Thursday, January 17, 2008

Review: The Autobiography of an Ex-Coloured Man (1912)

The Autobiography of an Ex-Coloured Man (1912), by James Weldon Johnson, narrates the story of a young mulatto man who decides to permanently "pass for white" at the turn of the century (early 1900s). Throughout his young adulthood, he embraces African American (Negro) musical traditions but struggles with the daily difficulties of identifying as a black man in American society.

In his childhood, he and his black mother relocate to Connecticut from Georgia where he excells brilliantly in his studies, especially becoming a music prodigy on the piano. However, one day in school, he is stunned when the teacher asked for him to sit down when all the white students continue to stand. He wonders why he was treated differently from his peers.
He rushes home to tell his mother what happened in school. As he compares his dark curly hair and fair skin complexion to his mother, he learns that he is indeed considered black (because of the racial identity of his mother) and that his father is a white Southerner.This news shocks him. By high school graduation, the sudden death of his mother and the sale of his home leaves him alone with little money to attend Harvard. Following his mother's wishes, he heads south to Atlanta University to pursue his music studies.

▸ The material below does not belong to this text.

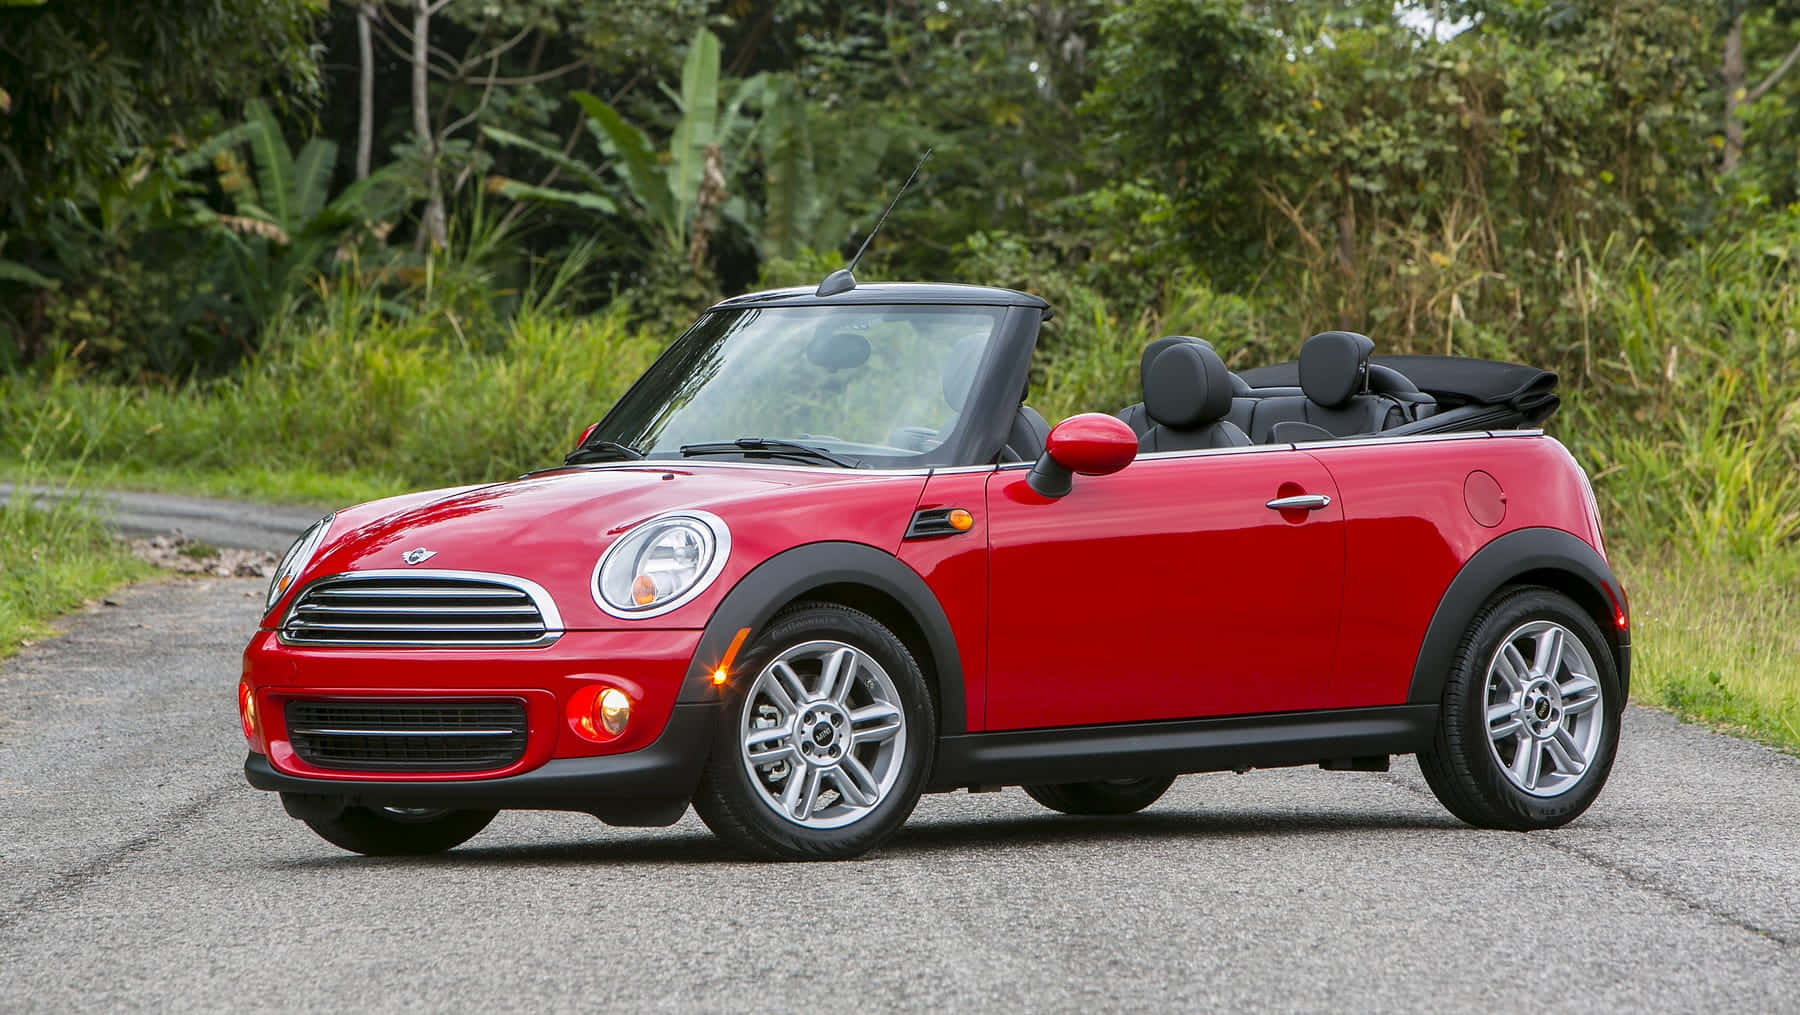 Stylish Mini Cooper Convertible in action Wallpaper

Unfortunately, as he reaches the university, he discovers someone has stolen his money. To recover his loss, he finds a job at a cigar factory in Florida and teaches piano lessons on the side. When the factory shuts down, he relocates to New York City where he discovers ragtime music. An older, white gentleman overhears the young man playing the piano at a club and persuades him to tag along on a tour of Europe.

Although he enjoys his trip in Europe, he desires to return to America to pursue his studies on Negro music. His curiosity and admiration for Negro culture is shattered when he witnesses firsthand a white mob lynch a black man. In the wake of this experience, he abandons his musical ambitions. He feels too much shame to associate himself to a group of people "treated worse than animals."

This is a riveting story of the struggles of a young mulatto man living in two separate worlds: one black and one white. As he travels throughout New England and the American South, he develops an appreciation for African American musical traditions, such as ragtime music. Unfortunately, the incident with the white lynch mob terrifies the narrator greatly. Although this book written nearly 80 years ago, its importance in African American literature is still essential. African Americans developed a sense of double consciousness, where they struggled in a society where racial identities were rigid and binary. Racial prejudice was very common and harsh , and those who could escape it "passed for white", or crossed the color line.

James Weldon Johnson (1871-1938), best known as the composer to Life Every Voice and Sing, wrote his first and only novel on the complexity of race in American society at the turn of the century. As one of the first fictional novels using the first person written by an African-American author, this famous book inspired other African-American writers, such as Richard Wright and Zora Neale Hurston, to create fictional novels on African American life and culture. Johnson would later become an active leader and writer in the NAACP (National Association for the Advancement of Colored People), African Diaspora studies and the Harlem Renaissance.

I also recommend Danzy Senna's Caucasia and Nella Larsen's Passing, which also explores themes of race and biracial identity throughout African American history.